Liver transplant patients that received their new liver more than 3 years ago or more than six years ago if aged 18-49 or at least 50 years old respectively.
What does the study involve?
Participants first have a liver biopsy for the genetic test of tolerance. They are then randomly allocated to one of two groups. Patients randomized to group 1 are offered drug withdrawal regardless of the result of the genetic test. Patients randomized to group 2 undergo drug withdrawal if the genetic test is positive, and continue the immunosuppressive medication if the test is negative. By comparing the outcome of the 2 groups we will determine how much the test can benefit transplanted patients.
What are the possible benefits and risks of participating?
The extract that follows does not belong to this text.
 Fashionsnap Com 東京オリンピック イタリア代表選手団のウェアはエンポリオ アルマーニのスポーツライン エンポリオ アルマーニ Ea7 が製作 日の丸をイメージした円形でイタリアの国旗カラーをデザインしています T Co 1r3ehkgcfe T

Chronic immuno-suppression (IS) is associated with a variety of life threatening side effects following liver transplantation, including infection, malignancy, hypertension, diabetes, nephrotoxicity and cardiovascular diseases. Calcineurin inhibitor induced nephrotoxicity, in particular, is responsible for a significant rate of chronic renal failure, need for renal replacement therapy and increased mortality. Elimination of calcineurin inhibitors may preserve waning renal function and avoid the associated morbidity and mortality risk.Identification of a reproducible and reliable tolerance signature will allow tailoring of IS to individual patient characteristics. It may also identify critical pathways responsible for the tolerant state that can be therapeutically exploited to induce tolerance in those who do not achieve it spontaneously. While there is abundant information in the literature suggesting that in carefully selected liver recipients IS withdrawal is feasible and safe, the procedure is not without risk, as it can induce immunologically-mediated allograft rejection. In this regard, the main risks of IS withdrawal are acute and/or chronic rejection, silent development of allograft fibrosis, potential complications associated with the need to increase IS to treat rejection episodes; and graft loss or patient mortality.
Where is the study run from?
King's College London (UK)
When is the study starting and how long is it expected to run for?
August 2015 to October 2017
Who is funding the study?
National Institute for Health Research (UK)
Who is the main contact?
Ms Jurate Wall
Prospective randomised marker-based trial to assess the clinical utility and safety of biomarker-guided immunosuppression withdrawal in liver transplantation ("LIFT" Trial).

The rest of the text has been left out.